Hearken to me then as I explain why this no longer something I wish to achieve. I'll go further. I shall recoil utterly from travelling in this way and shall consign the very idea that I should
Travel on the Orient Express
to my surprisingly popular and increasingly authoritative compendium 101 Things I Refuse To Do Before I Die.
Before we proceed to the case for the prosecution, let us revisit the glorious literary past.
Grahame Greene despatched eastward an unhappy group of misfits and loners in Stamboul Train, Agatha Christie caused a murderous bunch of revenge seekers going the other way to encounter Hercule Poirot (in Murder on the Orient Express) and here, in an extract from From Russia with Love, we find Ian Fleming's James Bond arriving at the station.

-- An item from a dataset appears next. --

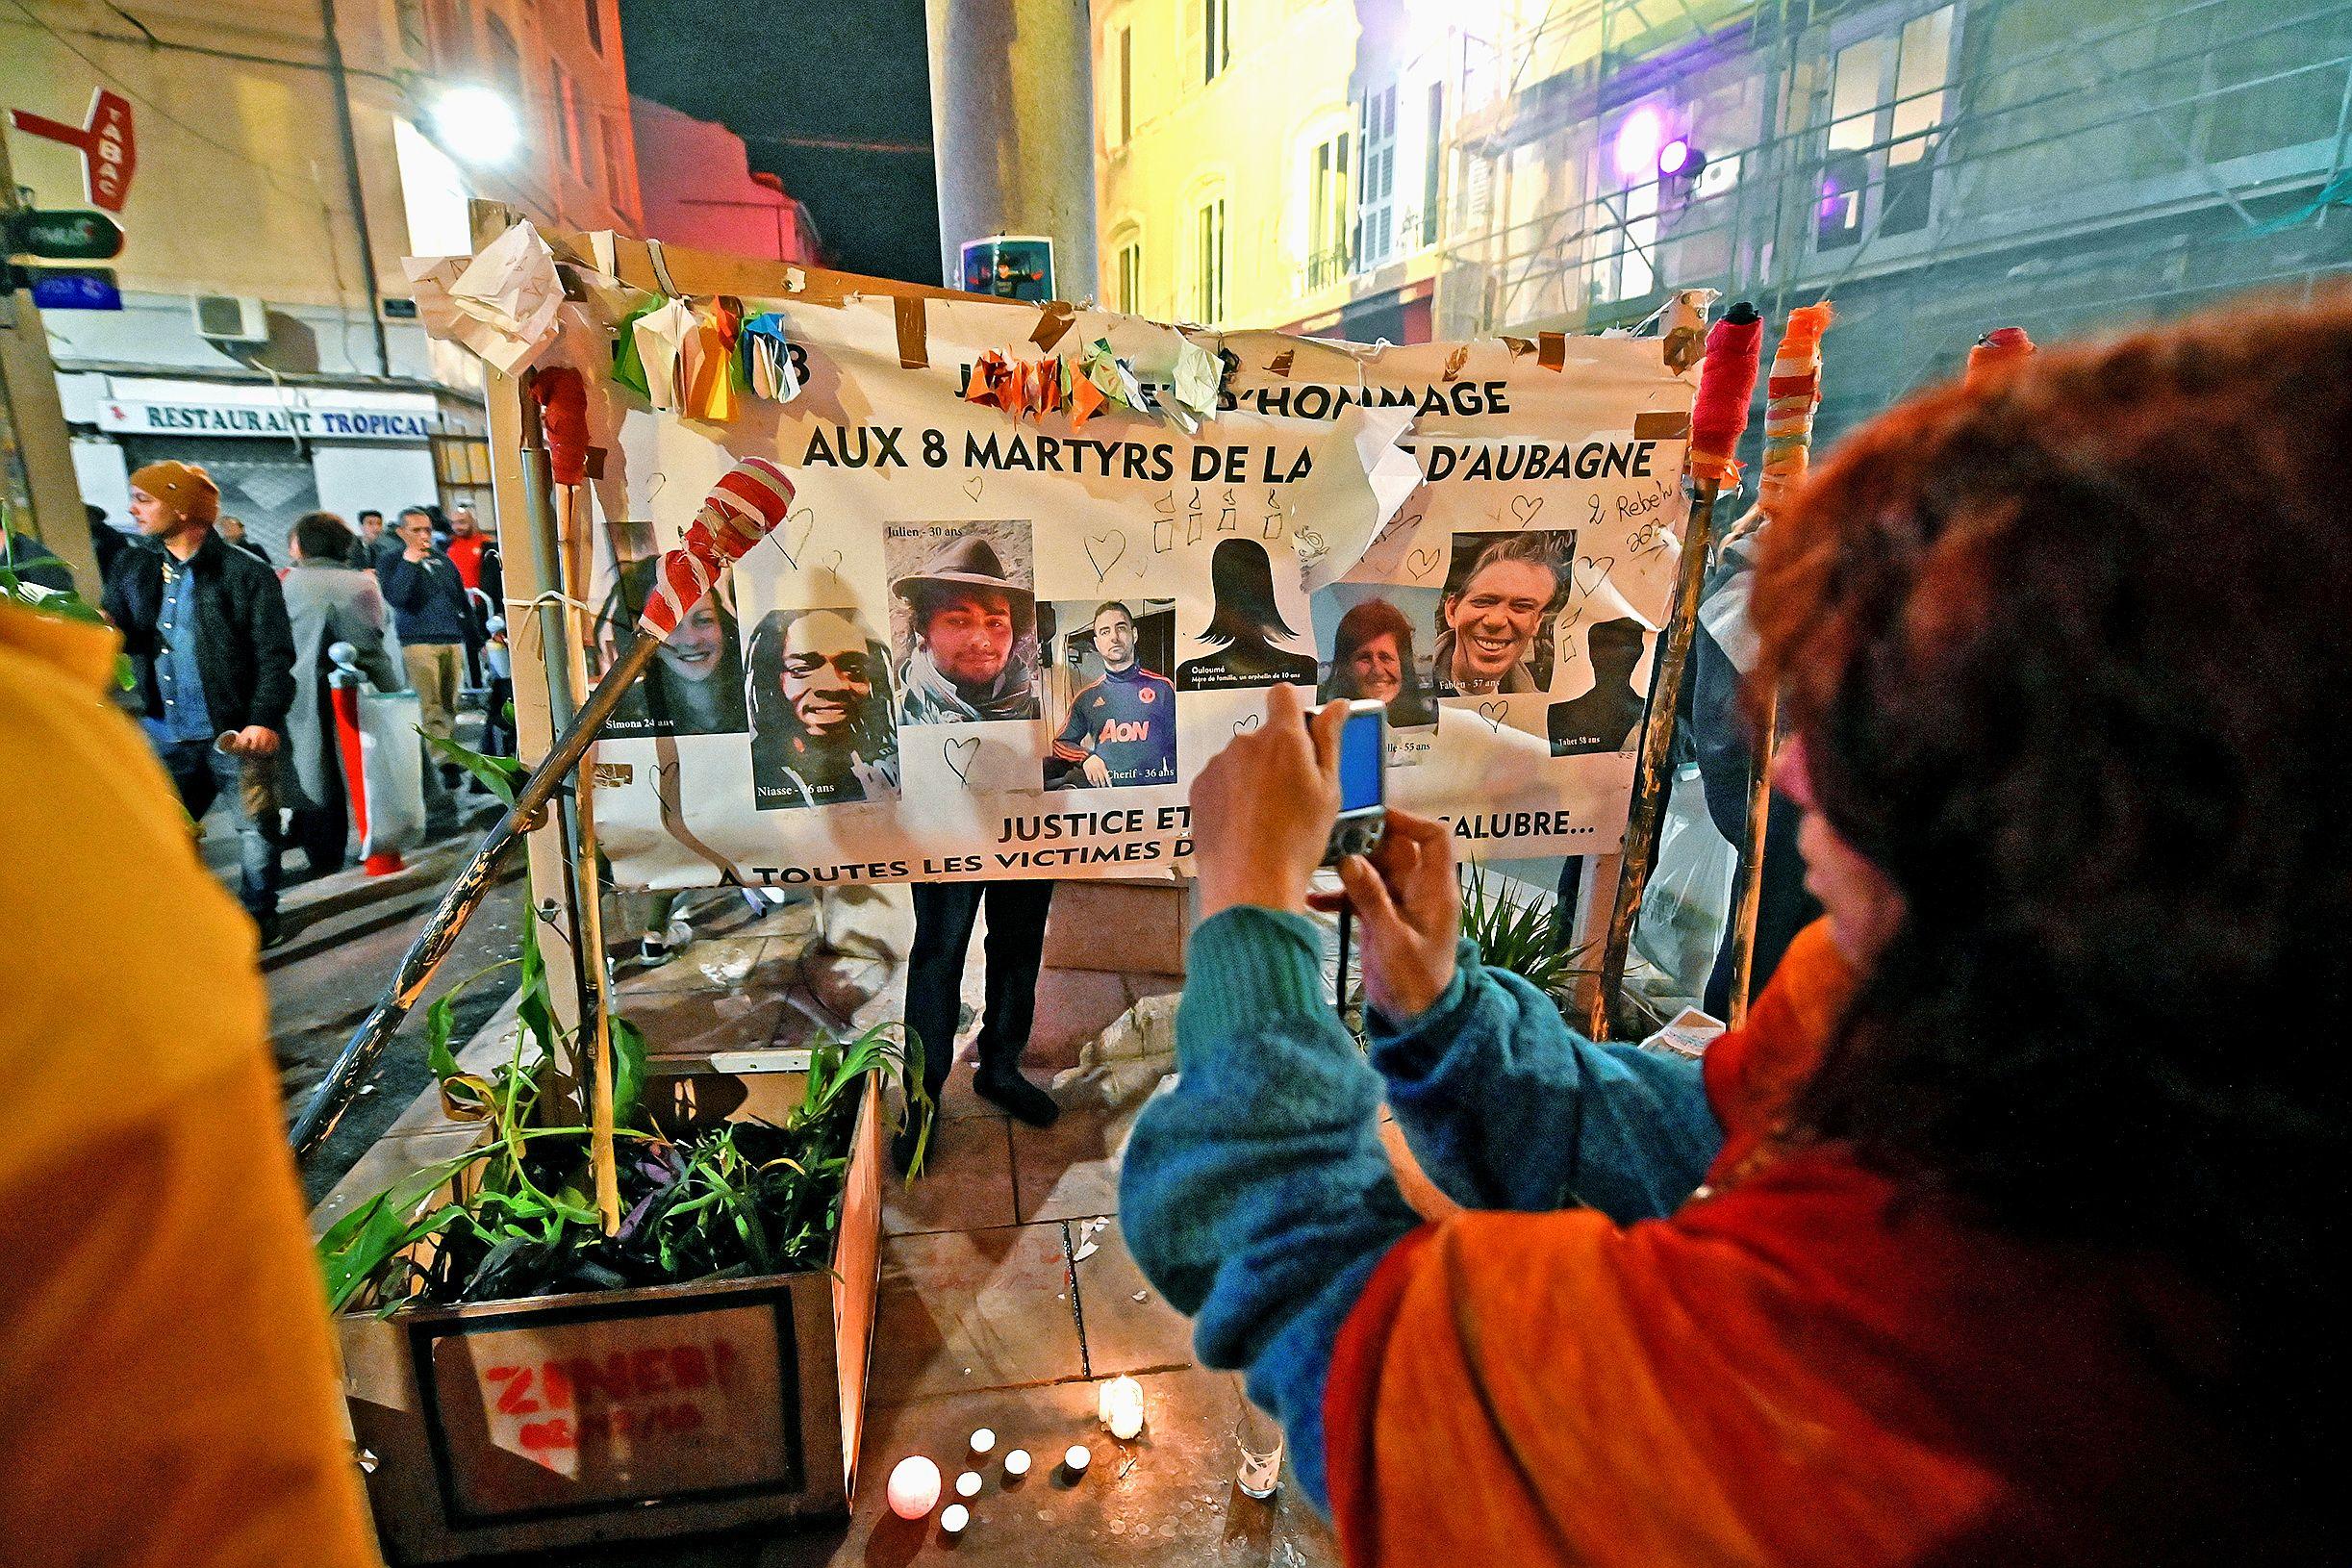 Le silence pour les victimes de Noailles - Les Nouvelles Calédoniennes

The great trains are going out all over Europe, one by one, but still, three times a week, the Orient Express thunders superbly over the 1,400 miles of glittering steel track between Istanbul and Paris.
Under the arc-lights, the long-chassied German locomotive panted quietly with the laboured breath of a dragon dying of asthma. Each heavy breath seemed certain to be the last. Then came another. Wisps of steam rose from the couplings between the carriages and died quickly in the warm August air.
The Orient Express was the only live train in the ugly, cheaply architectured burrow that is Istanbul's main station. The trains on the other lines were engineless and unattended–waiting for tomorrow. Only Track No. 3, and its platform, throbbed with the tragic poetry of departure.
The heavy bronze cipher on the side of the dark blue coach said,
`COMPAGNIE INTERNATIONALE DES WAGON-LITS ET DES GRANDS EXPRESS EUROPEENS.
Above the cipher, fitted into metal slots, was a flat iron sign that announced, in black capitals on white, ORIENT EXPRESS, and underneath, in three lines:
ISTANBUL – THESSALONIKI – BEOGRAD
VENEZIA – MILAN
LAUSANNE – PARIS
Bond finds sex and death on the train but that's just his normal working day.
For an antidote to the romance I recommend Paul Theroux's 1975 book The Great Railway Bazaar. Theroux travelled by train from London to Japan, going out on the Orient Express and back on the Trans-Siberian. He was on the Orient Express as it was declining rapidly from flagship to unwanted and unloved.
The Orient Express, once unique for its service, is now unique amongst trains for its lack of itTheroux encounters unhelpful conductors, uncaring station staff and shoulder-shrugging officials, but no glamour on this leg of his huge journey. Experienced travellers brought plenty of booze and spent most of the time drinking it for want of anything else to do.
I learn from the fascinating article about it on The Man in Seat 61 that there was no such thing as "The" Orient Express. Trains from Paris to Vienna were first called by that name, then a route using the Simplon Pass to Milan, Belgrade and Constantinople became identified with the classic route but there were variants going off to Ostend, Calais and Berlin amongst others. Greene's train was the Ostend-Istanbul, Christie invented one with Pullman cars that didn't exist, Bond took the Simplon route. In any case the last through trains to Istanbul were in 2009 and today the luxury train that still bears the name Orient Express runs merely from Venice to Paris (with a few add ons). Glamorous it may be but it is not the train of legend and it is very expensive (about £2,800) for just one night on board.
And there you have it. If you take this train you are travelling with relatively affluent tourists. You are not mixing with desperate salesmen, runaway actors, dodgy duchesses, elegant but unassuming detectives or men with a past. You will not be requested for 'papers' at several frontiers. The train will not halt in a bleak unpopulated landscape without warning for a few hours. The police will not halt it with a roadblock and proceed to search every compartment. It is just a posh train ride across Western Europe.